[pmg-docs.git] / pmgcm.adoc

[[chapter_pmgcm]]
ifdef::manvolnum[]
pmgcm(1)
========
:pmg-toplevel:

NAME
----

pmgcm - Proxmox Mail Gateway Cluster Management Toolkit


SYNOPSIS
--------

include::pmgcm.1-synopsis.adoc[]


DESCRIPTION
-----------
endif::manvolnum[]
ifndef::manvolnum[]
Cluster Management
==================
:pmg-toplevel:
endif::manvolnum[]

We are living in a world where email is becoming more and more important -
failures in email systems are not acceptable. To meet these
requirements, we developed the Proxmox HA (High Availability) Cluster.

The {pmg} HA Cluster consists of a master node and several slave nodes
(minimum one slave node). Configuration is done on the master,
and data is synchronized to all cluster nodes via a VPN tunnel. This
provides the following advantages:

* centralized configuration management

* fully redundant data storage

* high availability

* high performance

We use a unique application level clustering scheme, which provides
extremely good performance. Special considerations were taken to make
management as easy as possible. A complete cluster setup is done within
minutes, and nodes automatically reintegrate after temporary failures,
without any operator interaction.

image::images/Proxmox_HA_cluster_final_1024.png[]


Hardware Requirements
---------------------

There are no special hardware requirements, although it is highly
recommended to use fast and reliable server hardware, with redundant disks on
all cluster nodes (Hardware RAID with BBU and write cache enabled).

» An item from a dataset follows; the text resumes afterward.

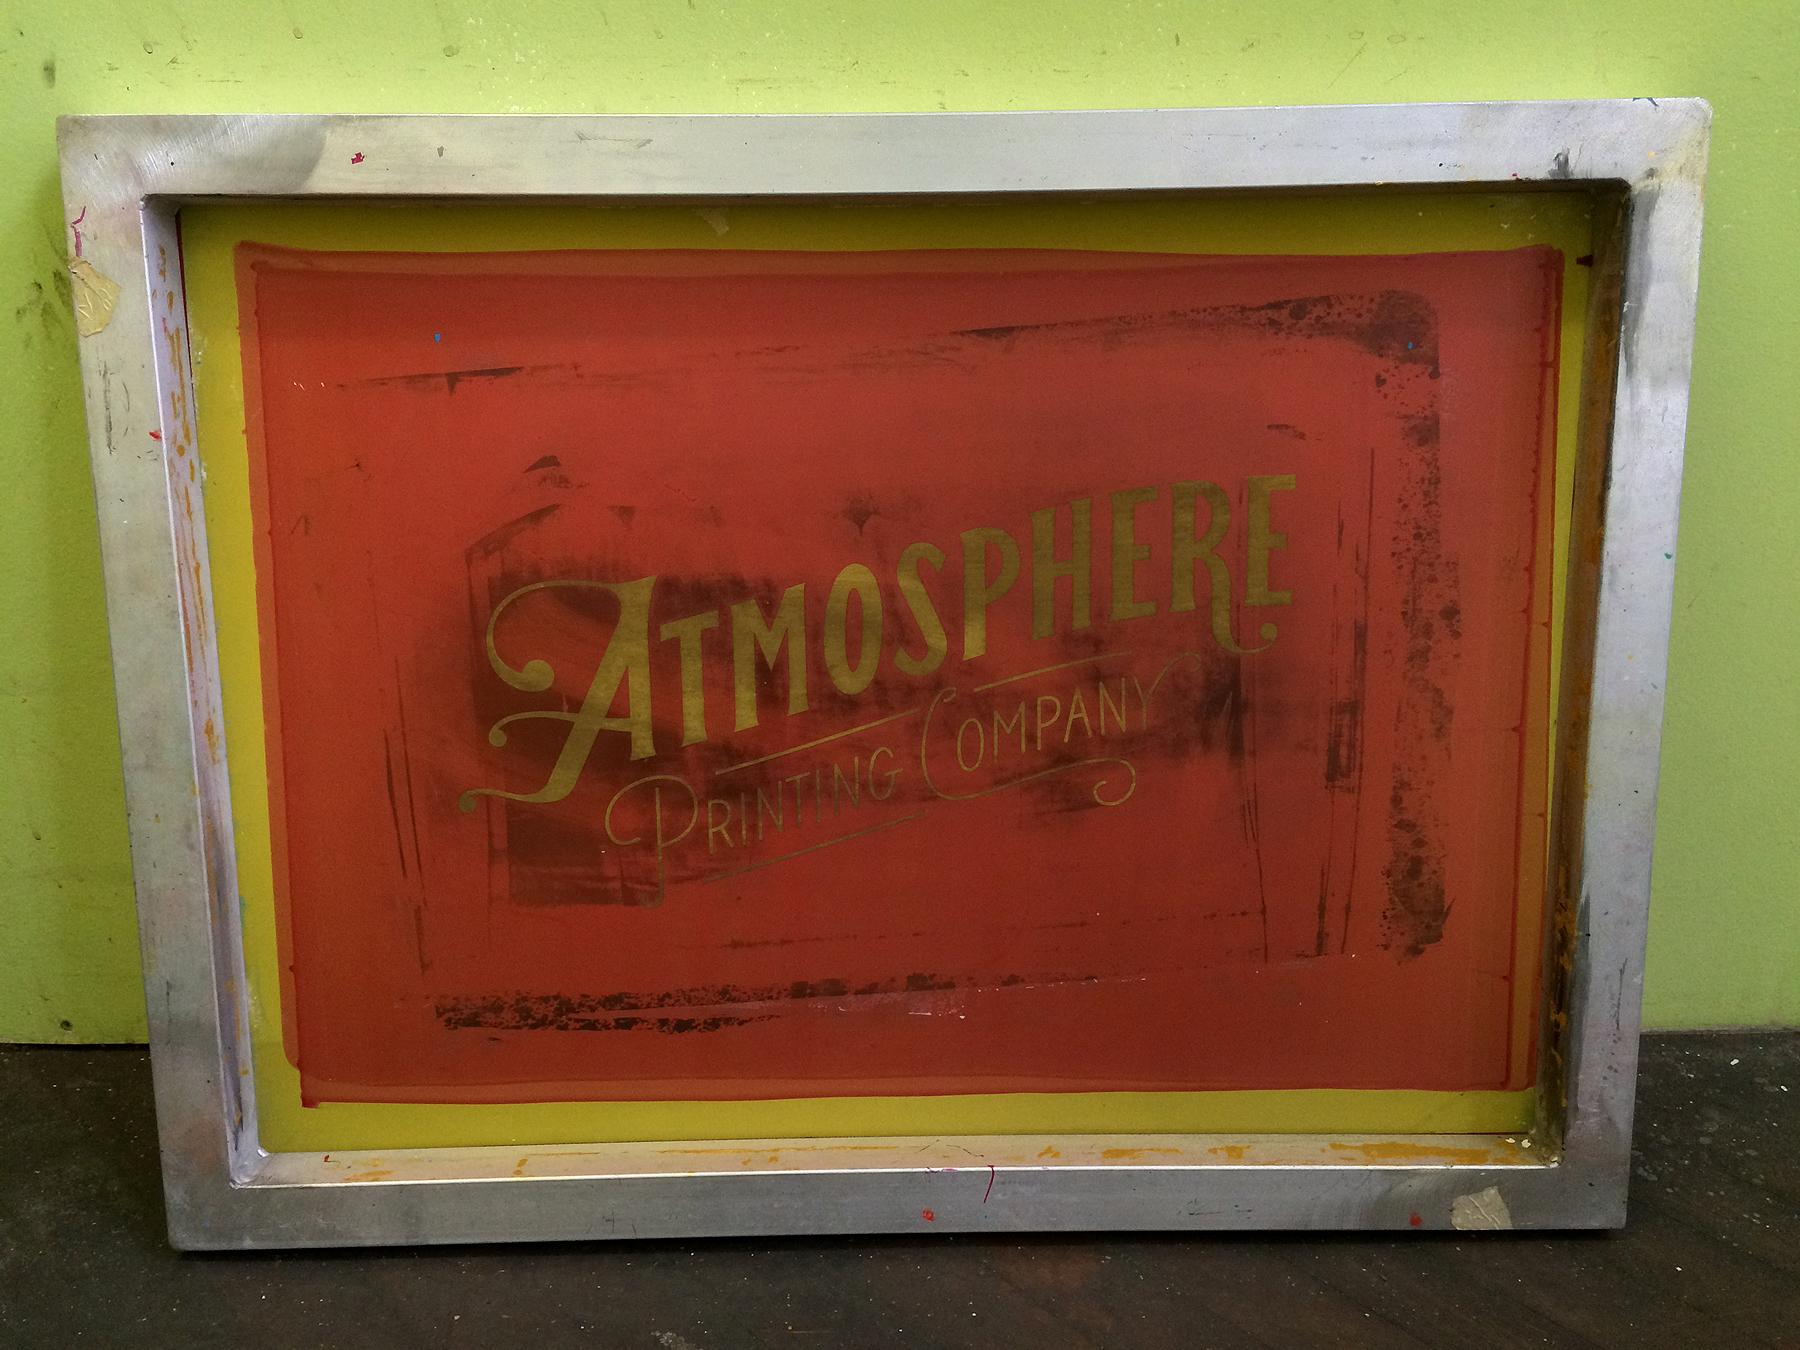 atmosphere_screenprinting_frame.jpg
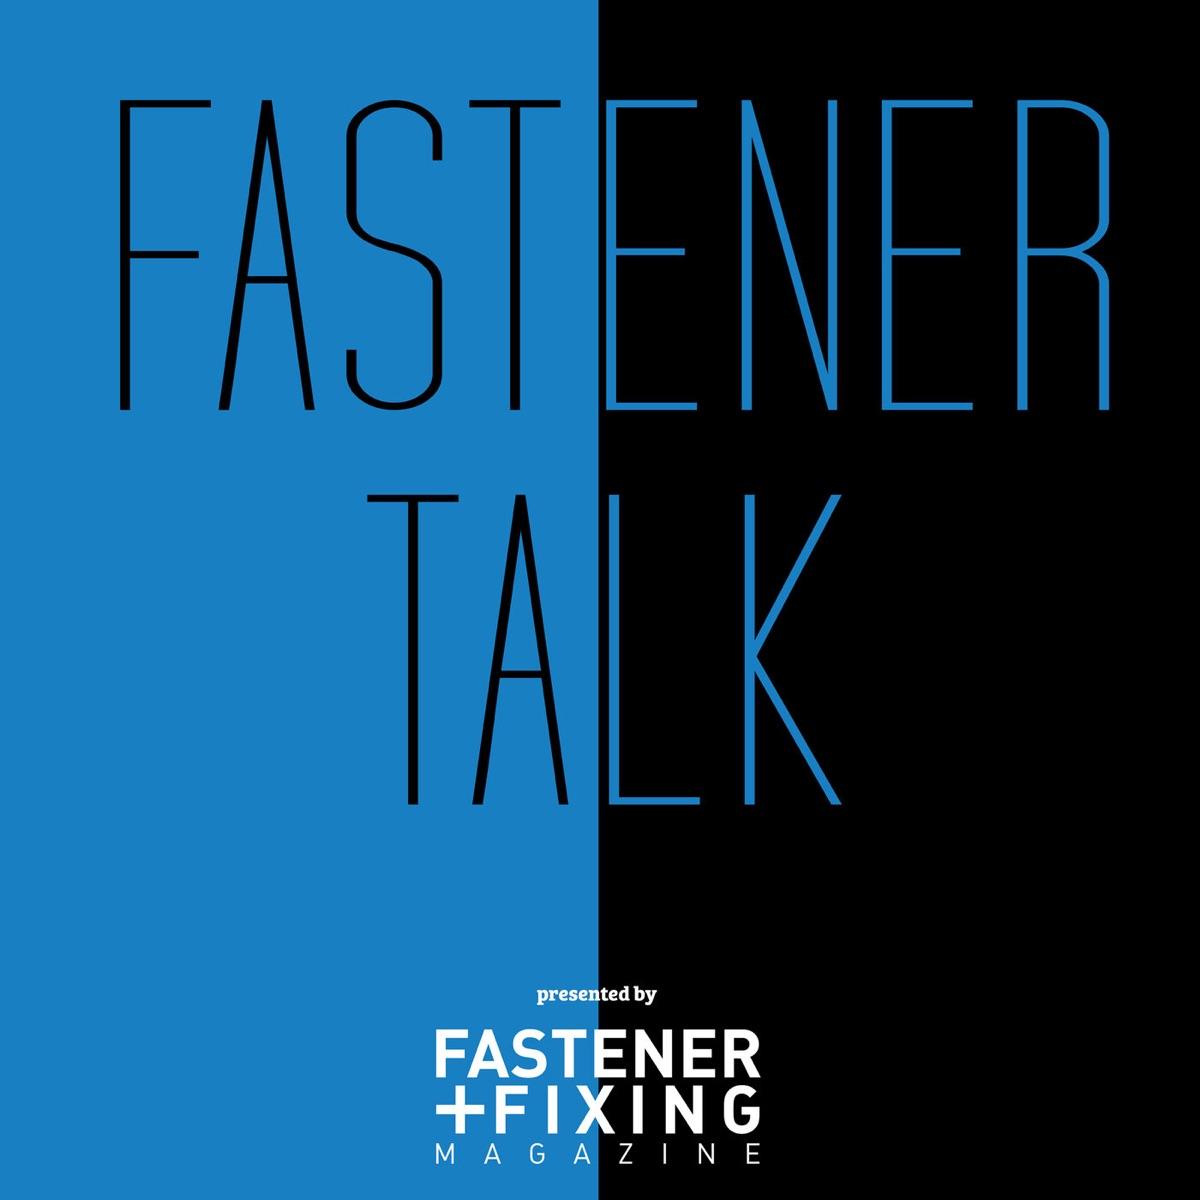 Fastener Talk

The HA Cluster can also run in virtualized environments.


Subscriptions
-------------

Each node in a cluster has its own subscription. If you want support
for a cluster, each cluster node needs to have a valid
subscription. All nodes must have the same subscription level.


Load Balancing
--------------

It is usually advisable to distribute mail traffic among all cluster
nodes. Please note that this is not always required, because it is
also reasonable to use only one node to handle SMTP traffic. The
second node can then be used as a quarantine host, that only provides the web
interface to the user quarantine.

The normal mail delivery process looks up DNS Mail Exchange (`MX`)
records to determine the destination host. An `MX` record tells the
sending system where to deliver mail for a certain domain. It is also
possible to have several `MX` records for a single domain, each of which can
have different priorities. For example, our `MX` record looks like this:

----
# dig -t mx proxmox.com

;; ANSWER SECTION:
proxmox.com.            22879   IN      MX      10 mail.proxmox.com.

;; ADDITIONAL SECTION:
mail.proxmox.com.       22879   IN      A       213.129.239.114
----

Notice that there is a single `MX` record for the domain
`proxmox.com`, pointing to `mail.proxmox.com`. The `dig` command
automatically outputs the corresponding address record, if it
exists. In our case it points to `213.129.239.114`. The priority of
our `MX` record is set to 10 (preferred default value).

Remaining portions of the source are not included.